Kritische randvoorwaarden daarbij zijn het vermogen binnen de organisatie om integraal te managen, goed om te gaan met modern personeelsmanagement, het doorbreken van de non-interventie en non-aanspreekcultuur, een betere onderlinge ervaringsuitwisseling en het betrekken van medewerkers onder de top. De beschikbare signalen bevestigen het beeld dat de implementatie pas echt kan slagen als deze aspecten van leiderschap goed zullen worden vervuld. Dat is nog niet volledig het geval.
Wil het openbaar ministerie daadwerkelijk als één organisatie kunnen werken, dan zal het zelf ook de verbinding moeten leggen tussen wat het te doen heeft en welke middelen daarvoor worden ingezet. Dat geldt niet alleen het openbaar ministerie als geheel (door het college van procureurs-generaal) maar ook voor de hoofden van de parketten: van hen wordt immers verwacht dat zij binnen hun arrondissement een verstandig handhavingsbeleid voeren en hun middelen zo goed als mogelijk inzetten binnen de afspraken die zijn gemaakt met de (lokale) handhavingspartners. De beheerovergang is gerealiseerd.
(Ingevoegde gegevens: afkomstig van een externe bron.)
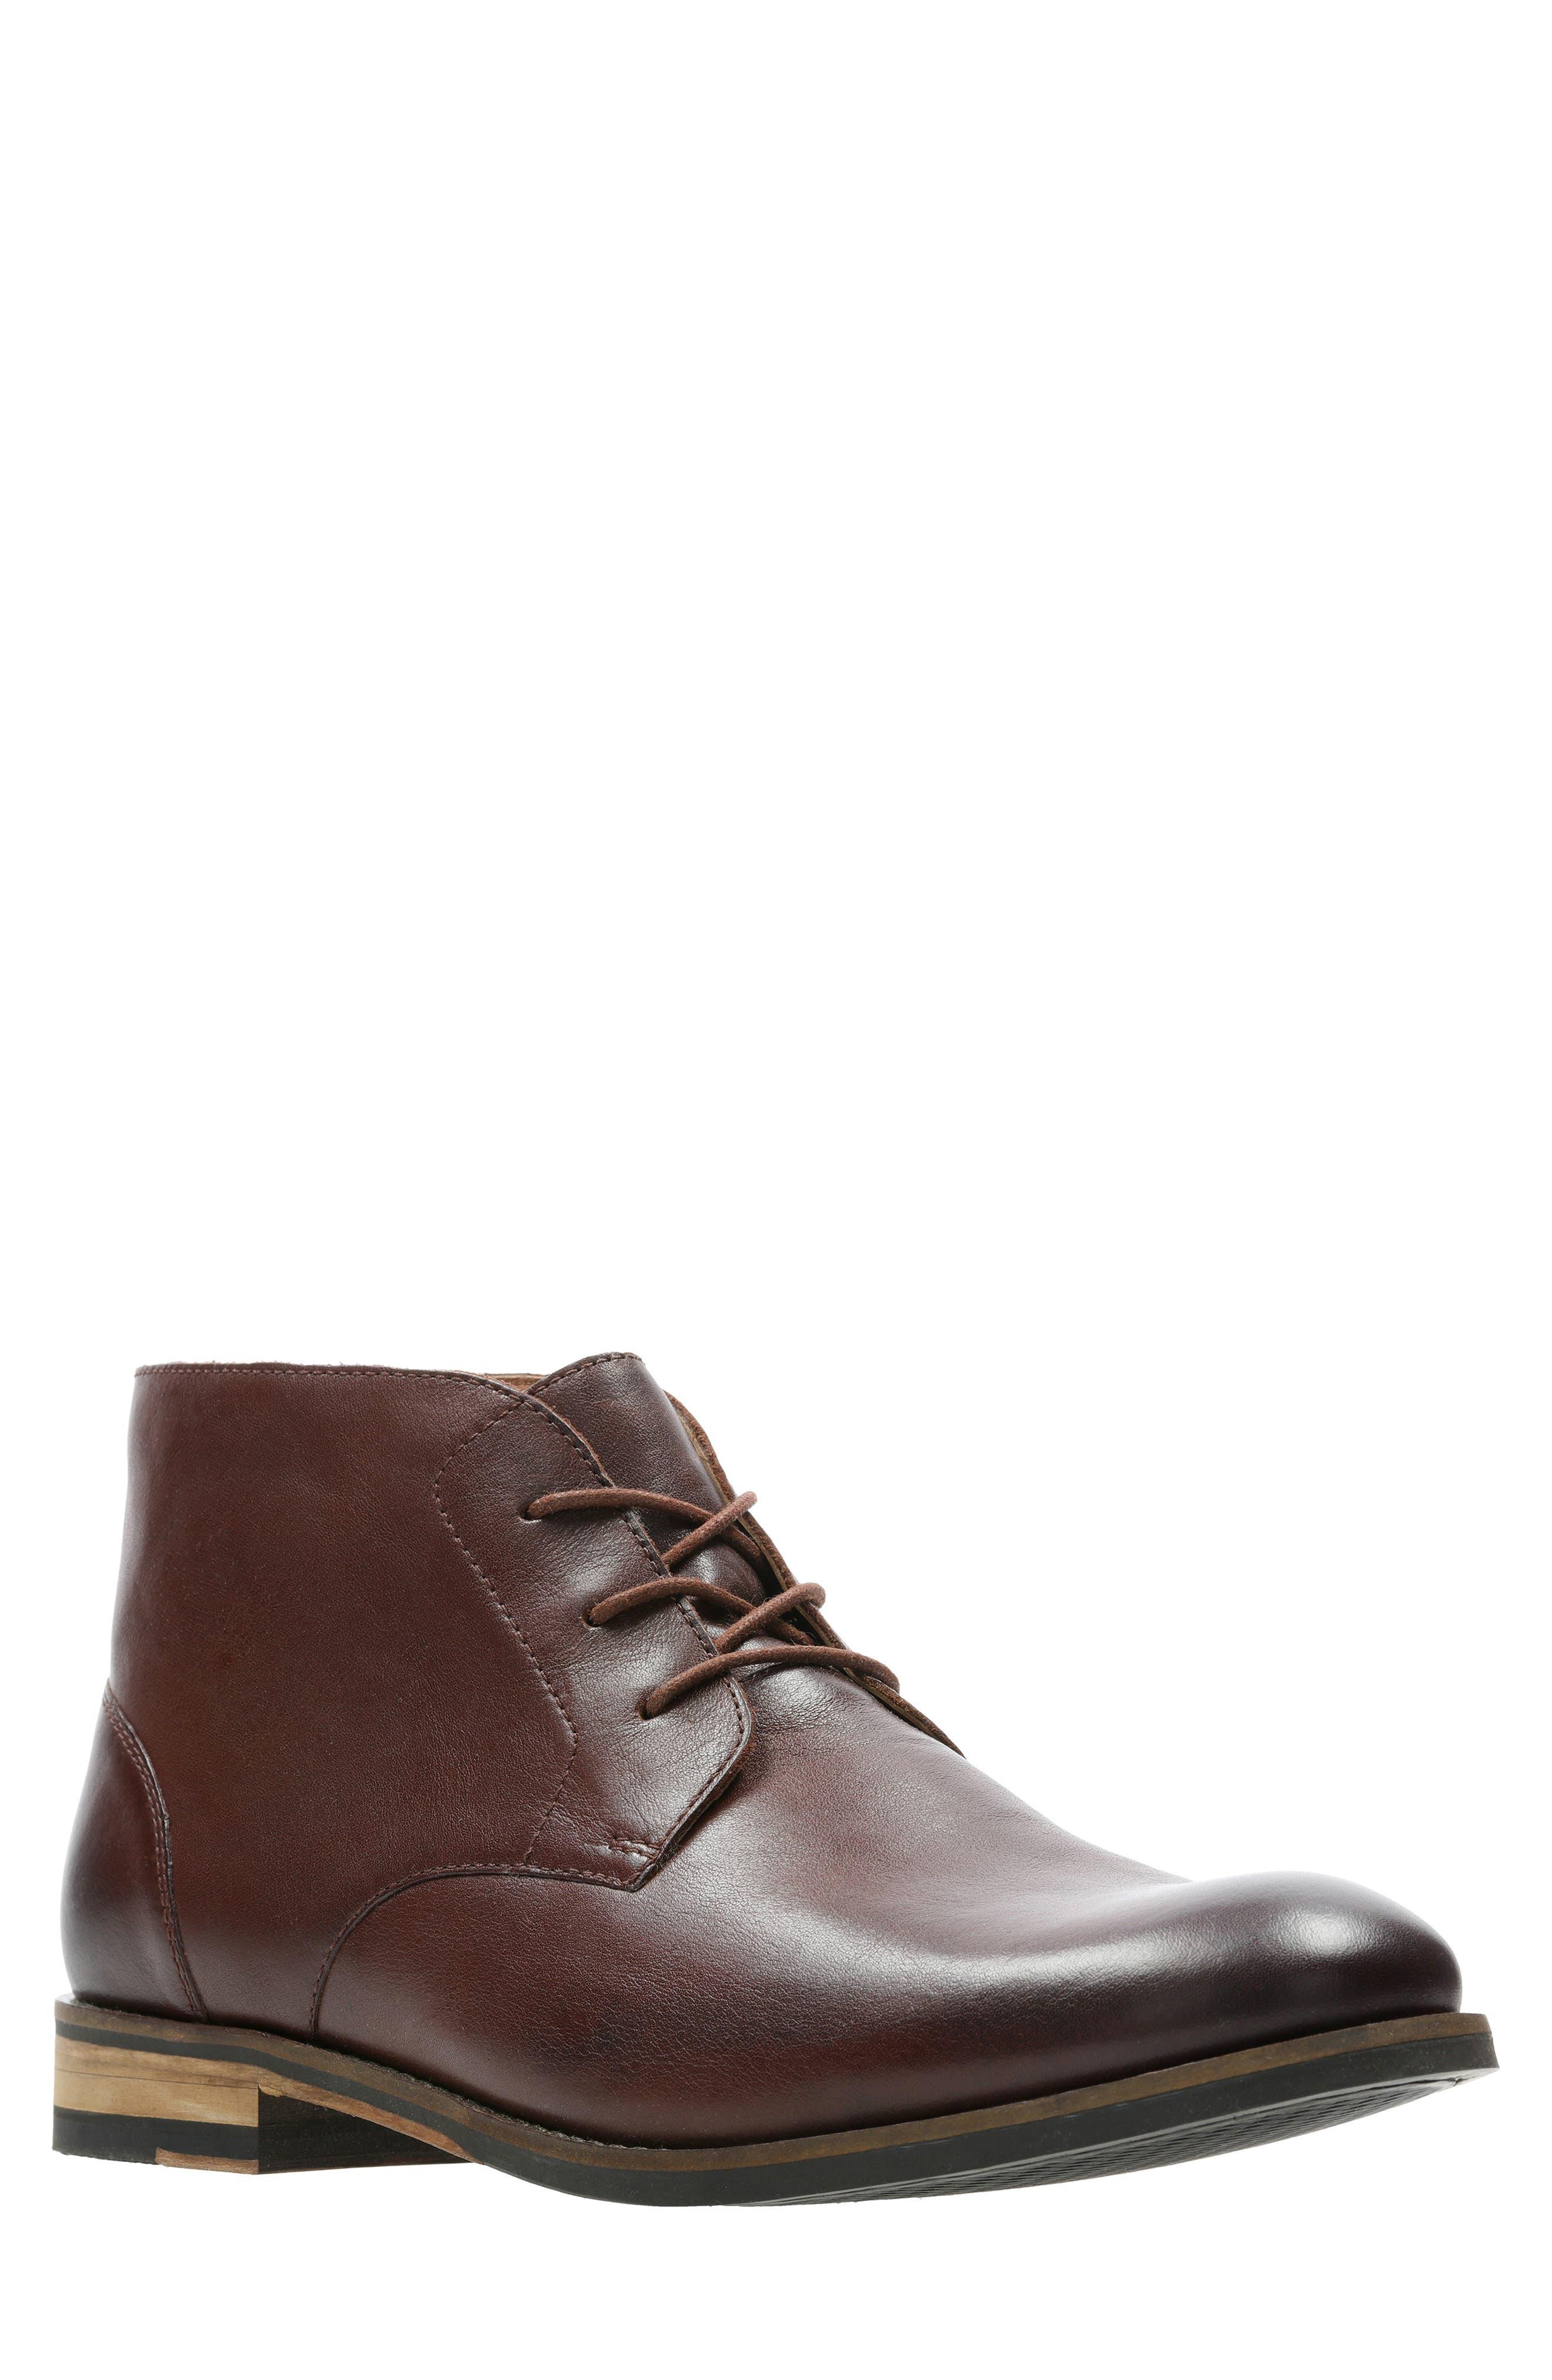 Clarks Flow Top Chukka Boot, Brown
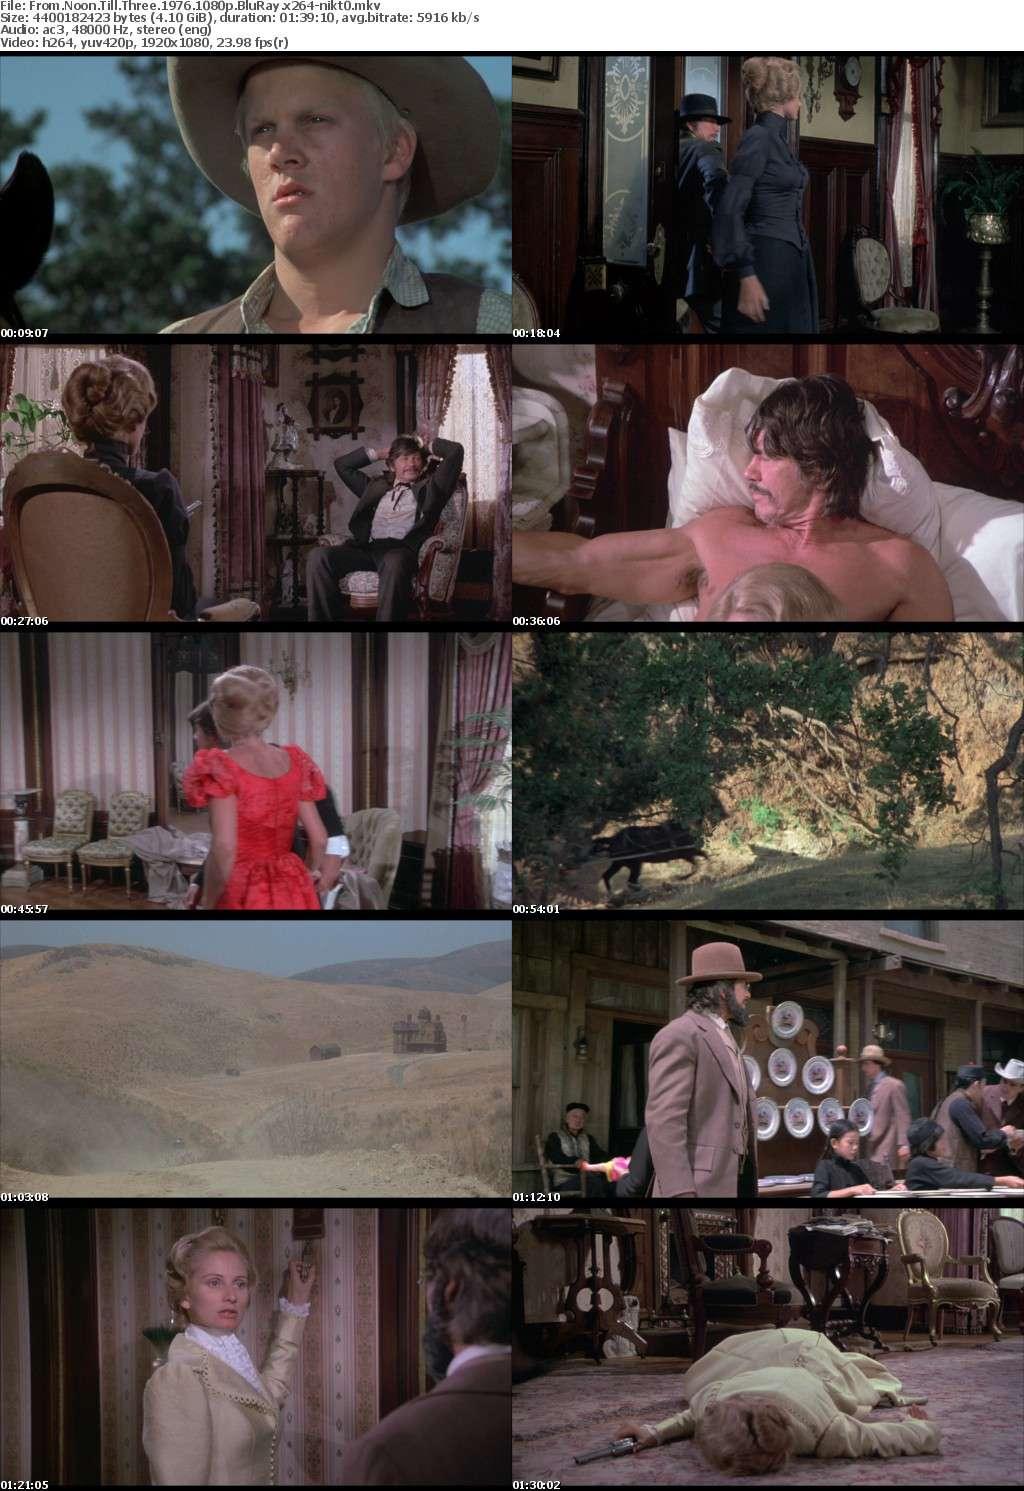 From Noon Till Three 1976 1080p BluRay x264-nikt0

Sinds 1 januari 1998 beheert het openbaar ministerie zijn eigen middelen. Over de besteding van de middelen legt het college van procureurs-generaal conform de binnen justitie geldende richtlijnen en protocollen verantwoording af aan de betreffende directeur-generaal (in 1998 nog de DG WRR, het voornemen is dat vanaf 1999 te verleggen naar de DG Rh). Het college van procureurs-generaal kent een eigen cyclus van planning en control met parketten en andere OM-onderdelen. Op deze wijze worden de uitgezette middelen gekoppeld aan (management)afspraken en prestaties. De nieuwe beheersstructuur, zoals die in het plan van aanpak voor de reorganisatie OM in 1995 was aangekondigd staat daarmee op de rails; mede door de grondige voorbereiding en het intensieve schaduwdraaien in 1997 bleek de daadwerkelijke beheersovergang in 1998 geen grote schoksgewijze verandering te zijn.
De middelen voor infrastructurele voorzieningen, die door ZM en OM worden gedeeld, zoals automatisering en huisvesting, worden momenteel nog steeds beheerd door de directeur rechtspleging van het departement. Dat is uit het oogpunt van besturing een lastige situatie. In de zg. Contourennota over de modernisering van de rechtspraak wordt op korte termijn een beleidsnota over de toekomstige inrichting van het gemeenschappelijk beheer in het vooruitzicht gesteld.
Intussen is tevens vordering gemaakt in het informatiemanagement. Er ligt een Informatiseringsplan openbaar ministerie, waarin vanuit een samenhangende visie op de wijze waarop bedrijfsprocessen moeten worden ondersteund aangegeven wordt wat op dit terrein aan concrete projecten ondernomen moet worden. Tevens is een voorziening geschapen waarmee op centraal niveau (parket-generaal) toegang is tot de lokale bestuurlijke informatievoorziening. Daarmee komen snel en systematisch gegevens voorhanden die van belang zijn voor beleid en sturing.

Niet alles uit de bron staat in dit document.